Станция курдская! Курды жили у нас, на соседней улице, у них была куча детей, и они были нищие. А мы нищие? Мы обыкновенные.
А вот и дом наш - до него надо немного пройти, пять или шесть домов миновать, вот он, наш дом, улица Павлова, яблони старые три штуки, и груша одна. Одна единственная, она не наша, но какие вкусные у неё плоды - в сто раз лучше наших яблок, может, и в тысячу. А за домом - чьи-то огроды, сады, а надо всем - гора Машук, похожая на обёрнутый в зелёную фольгу шоколадный трюфель.
Реббе Элигулашвили любит трюфели, один трюфель - один стакан "армуды" с чаем. А мы смотрим, как он пьёт чай, сосредоточено, аккуратно ест трюфель, посасывает его, зубов у него нет, а пальцы тёмные, как корни дерева. Внутри каждого трюфеля - орешек, но реббе не может его съесть, и около него на столе - небольшая кучка орехов. Реббе думает о чём-то, мечтательно глядя вверх, не смотрит на нас, "армуды" дымится, потом он опускает глаза, замечает, что мы глядим на него, улыбается и достаёт из коробки трюфеля, нате, ешьте, говорит. Мы берём по одной штуке, держим в руках, есть неудобно, шоколадные конфетки тают, тают, исчезают на глазах.

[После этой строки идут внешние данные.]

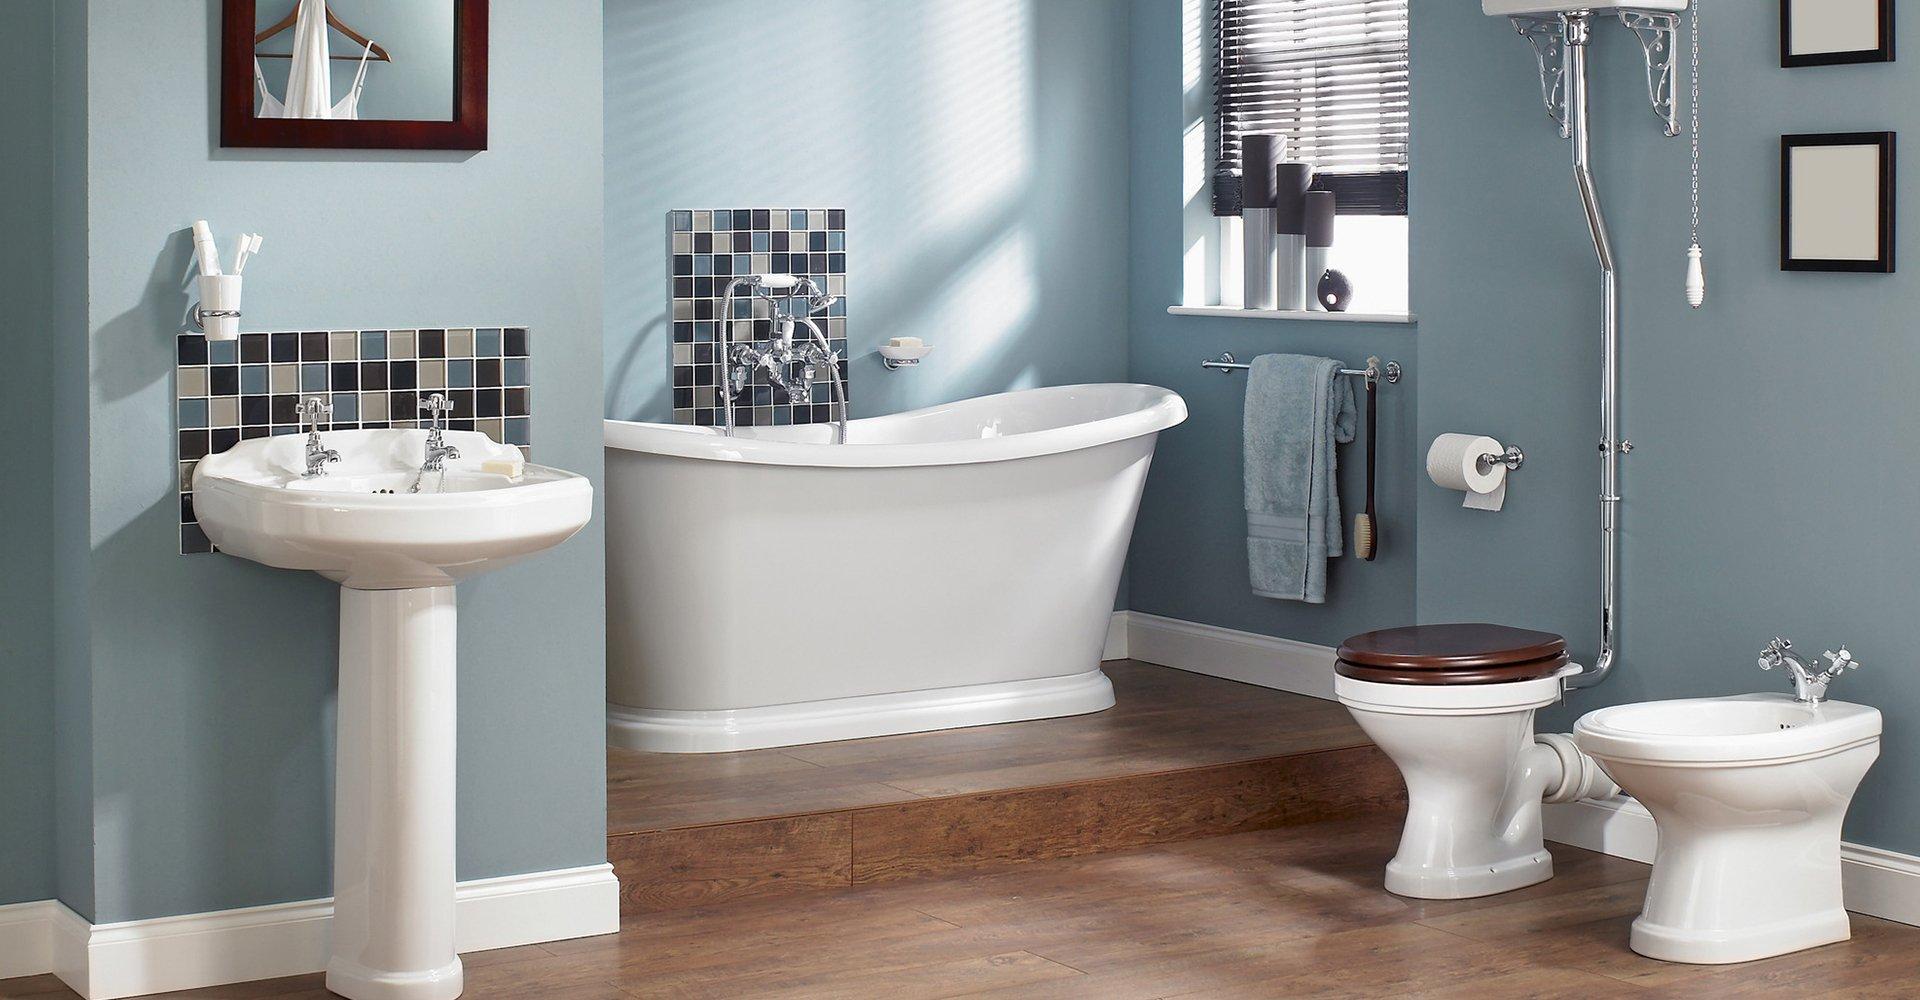 bathtub and WC

На глазах отчего-то пелена, ничего толком не разглядеть, и воздуха не хватает, тянет тебя куда-то наверх, а вот ты и выходишь на свет, это же море, ты бы в море, а теперь всё видно, теперь и звуки появились, и много-много света. Столько света бывает, только если в нашем Баку выпадает снег - кругом слепящий свет, такой, что смотреть больно, правда, не каждый год такое удовольствие. А в тот год, когда снег у нас выпал, Габо Элигулашвили умер, и мы с дедом пошли в его дом, и я всю дорогу думал, как должны выглядеть его мёртвые глаза, и боялся идти, но деду не говорил, и когда мы вошли в дом, я даже зажмурился, дом был до краёв полон плача, как стакан "армуды" - чая, но когда я открыл глаза, то не увидел ничего страшного, был только лежащий на полу небольшой свёрток полосатой материи, в который превратился реббе, а вокруг него горело множество зажжённых свечек.
Как будто созвездие маленьких звёзд над Машуком, куда мы поднимались с братом - брат толстый и лысый, а я маленький, хотя он младше меня на два года, совсем непонятно, как это он быстрее меня вырос. Но я не прощу ему никогда, что он сбежал, оставив меня на груше, потому что я не смог спрыгнуть, зацепился штанами, и хозяин груши, казак, поймал меня, и отлупил ремнём, но я не плакал, потому что было стыдно - воровать нехорошо, и сказал мне дед, что ты сын своего отца, яблоко от яблони, а мне не нужны наши яблоки, они никуда не годятся, только разве на компот, а вот груши, соседские груши - совсем другое дело. Но брать их было нельзя, нужно просто пойти на базар и купить, ведь мы же не нищие, в конце концов?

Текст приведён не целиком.